夏季高温高湿条件下,产房是规模化猪场热应激损失最集中的车间。与保育、育肥舍相比,产房的热应激损失具有两个特征:其一,多点同时计提——采食量、泌乳量、仔猪增重、繁殖指标在同一热事件中同步受损;其二,跨期延迟显现——最严重的损失(断奶至发情间隔延长、下一胎窝产仔数下降)往往在热事件结束后1–3个月才进入生产报表。
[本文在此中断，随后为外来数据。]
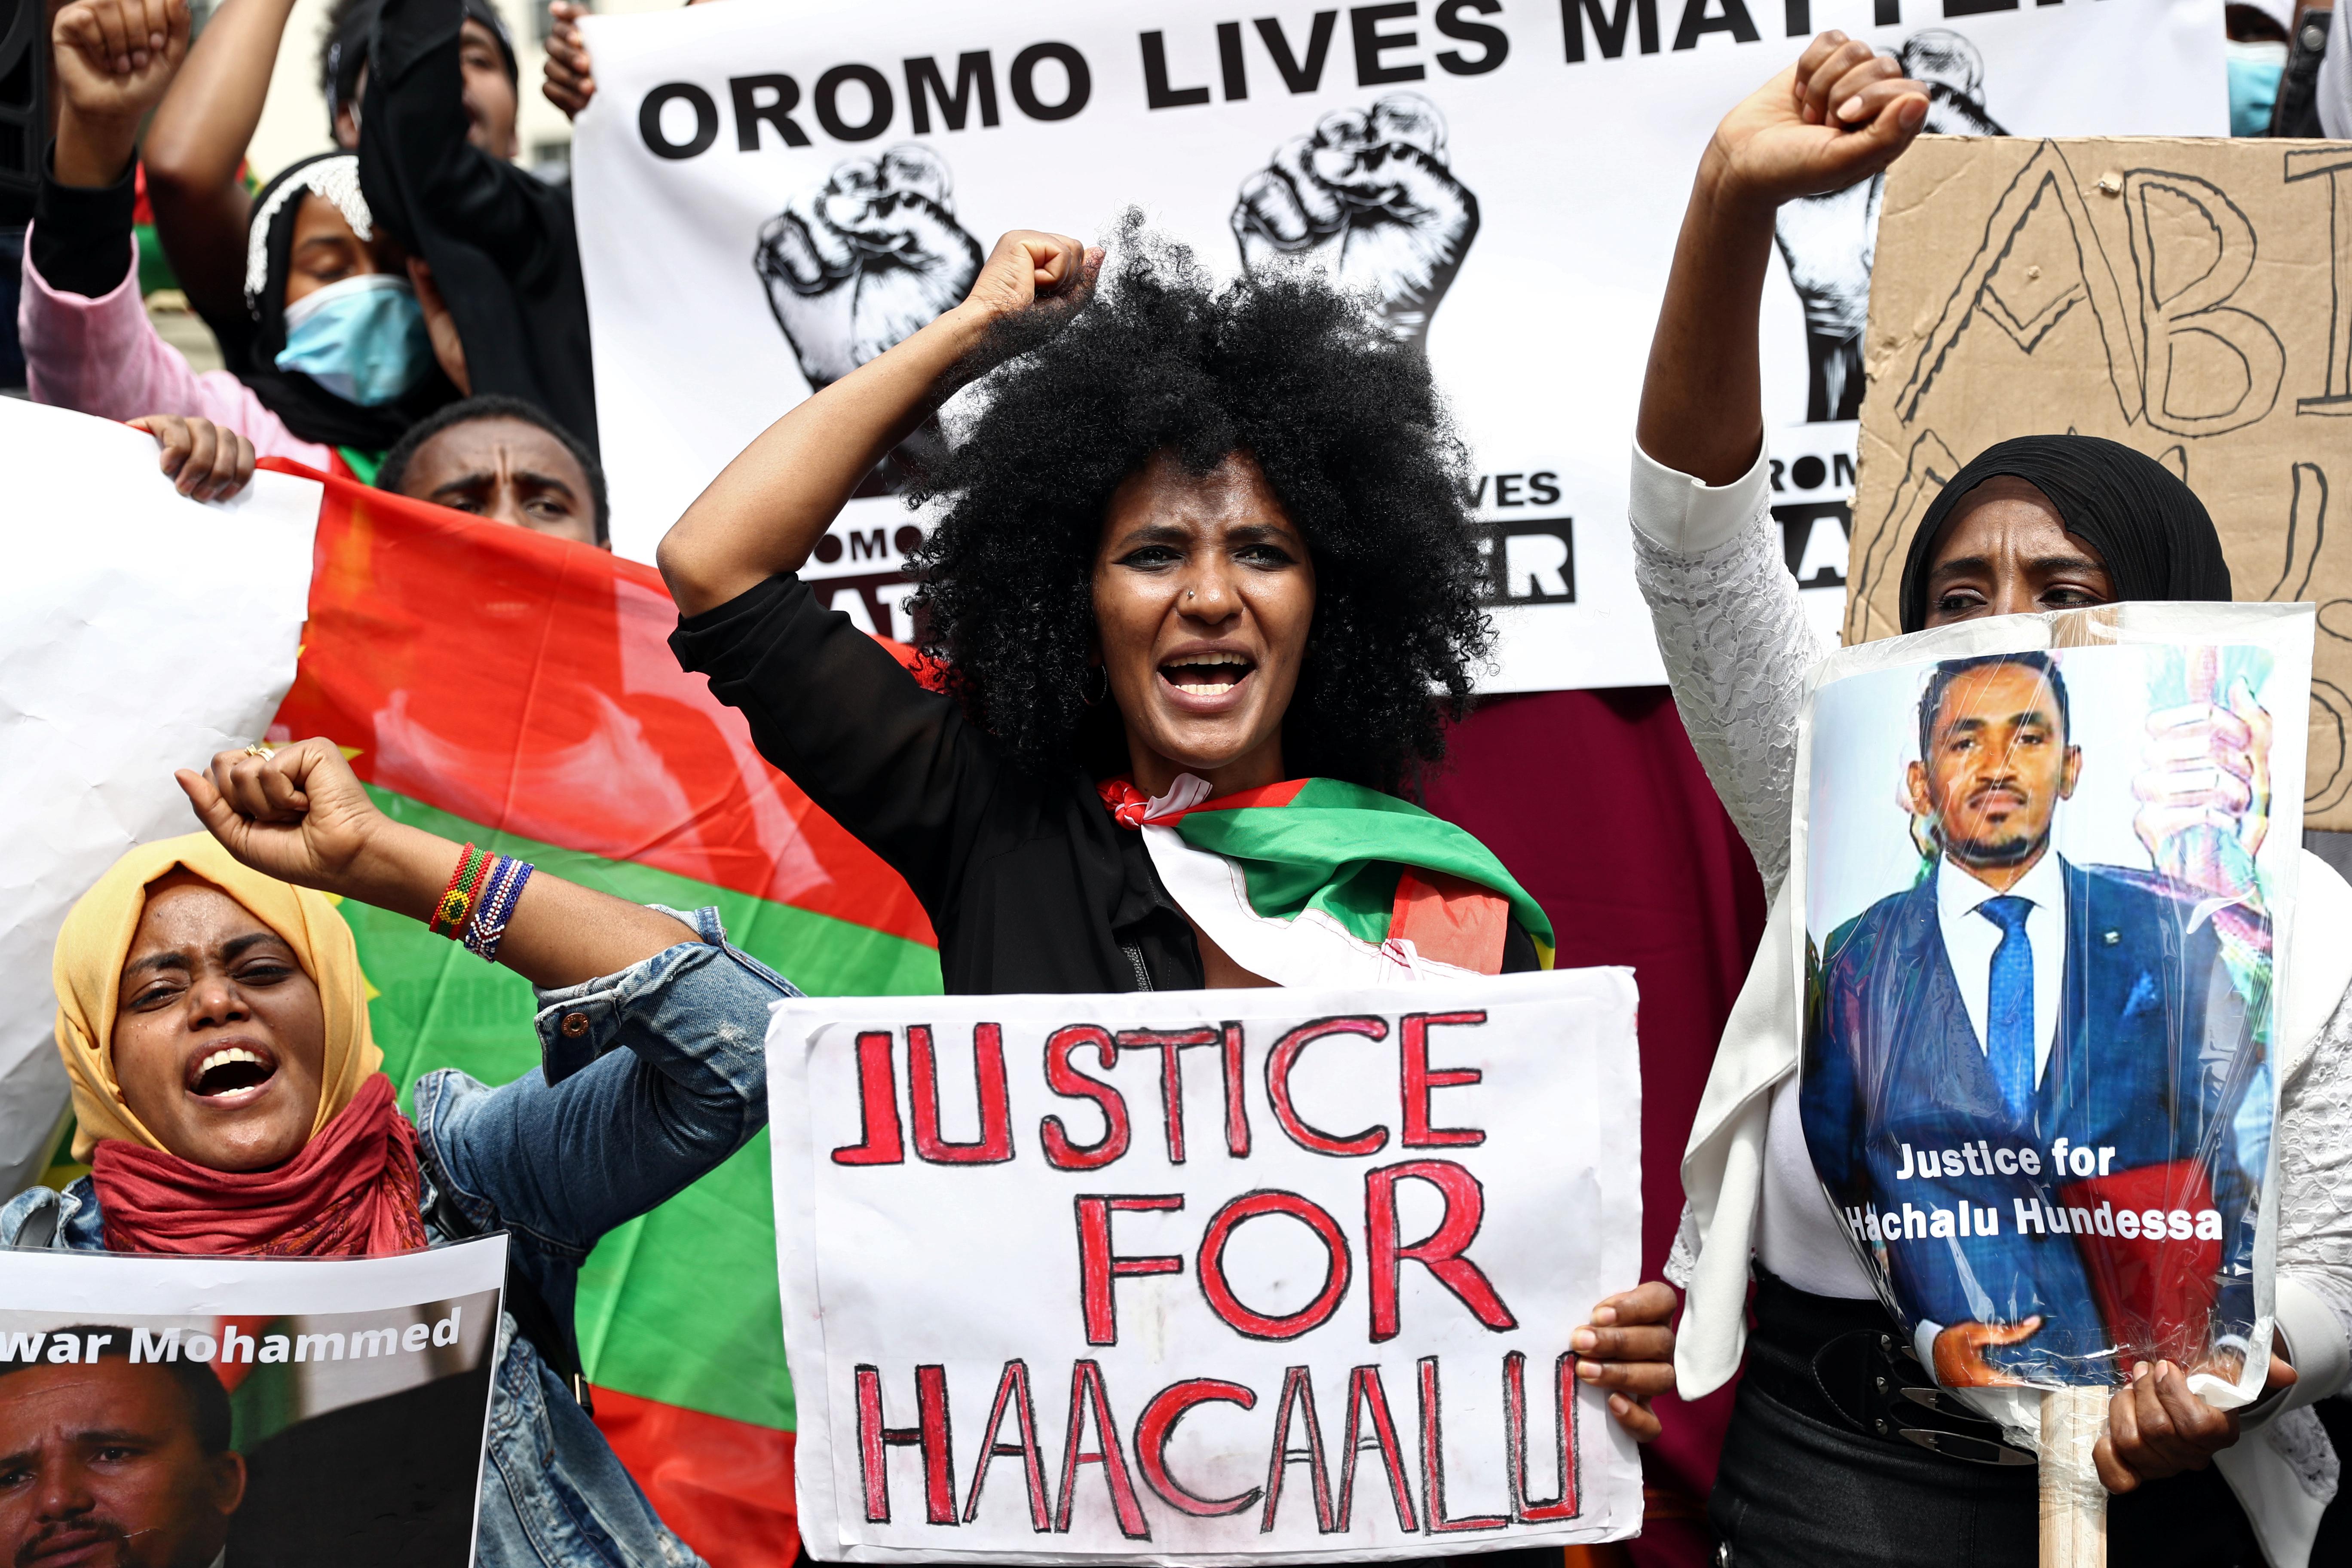 global ethiopia oromo protest.

这两个特征导致热应激的真实成本长期被系统性低估。
一、采食量损失:具有明确剂量-反应关系
哺乳母猪的等热区上限约为 18–22°C,显著低于产房实际运行温度。环境温度越过等热区上限后,采食量立即下降,且下降斜率随温度区间升高而增大。Quiniou与 Noblet(1999)基于其试验群体建立的分段回归模型给出:18°C以上每升高 1°C,经产哺乳母猪日采食量下降约154g;25°C以上,下降斜率增至约385 g/(d·°C)——该斜率为特定群体与条件下的估算值,实际应用中受基因型、饲养密度与湿度等因素影响。Bjerg 等(2020)对 1977–2001 年间 13 项研究的汇总显示:热中性条件(18–24°C)与高温条件(27–32°C)相比,哺乳母猪采食量平均相差 33.4%。Dourmad 等(2022)与 Ribeiro 等(2018)的两项荟萃分析分别确认:22°C 升至 32°C 时采食量累计下降 36%[1];环境温度每升高 1°C,日均采食量减少约148g。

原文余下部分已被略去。